The largest hurdle for artificial intelligence to overcome is to be creative. It is reasonably simple to solve problems using gradient-based optimization, or use embeddings and word-webs to solve natural-language processing problems. The true difficulty is for AI‘s to be creative, to create original content.

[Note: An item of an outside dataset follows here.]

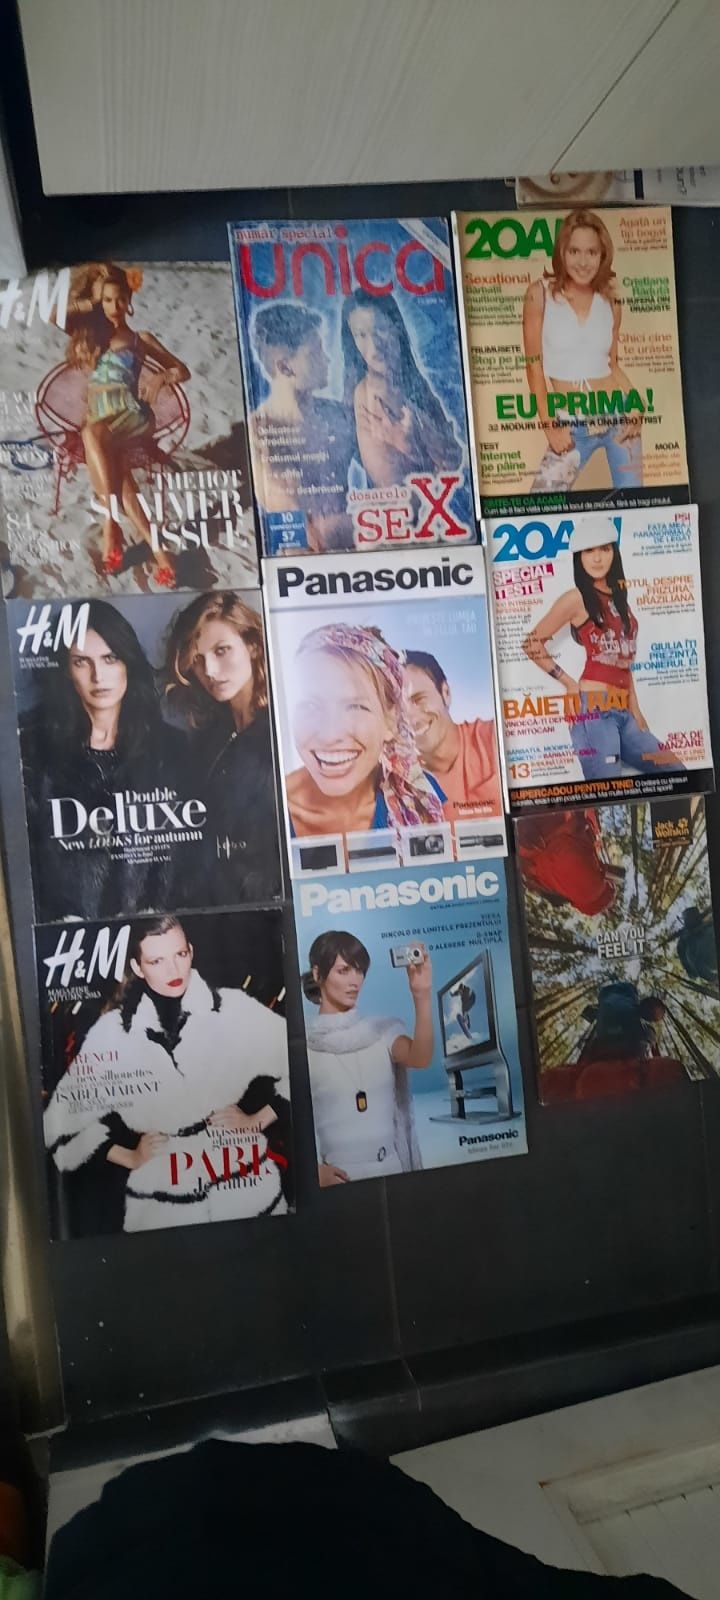 Panasonic/sex reviste

In this article, I will try to train a GAN to generate abstract art. The reason why I did not use realistic artworks to train the GAN is due to the fact that the computer would need to learn something about the real world and how they interact in order to create truly original realistic art.
What are GANs?
General Adversarial Networks, or GANs for short, are a type of neural network for generative Machine Learning. They are able to accurately recreate similar, but not identical, content to what they are fed in.
How do GANs work?
A GAN consists of two parts: A generator and a discriminator.
The generator is a Neural Network that takes in random values and returns a long array of pixel values, that can be reconstructed to form images. The discriminator is another separate Neural Network that compares "real" and "fake" images, and tries to guess if they are real or fake.
The adversarial part of the GAN is how they work together and feed into each other: When training the GAN, the loss value for the generator is how accurate the discriminator is. The worse the discriminator performs, the better the generator is performing. On the other hand, the loss value of the discriminator is based on the accuracy of the predictions.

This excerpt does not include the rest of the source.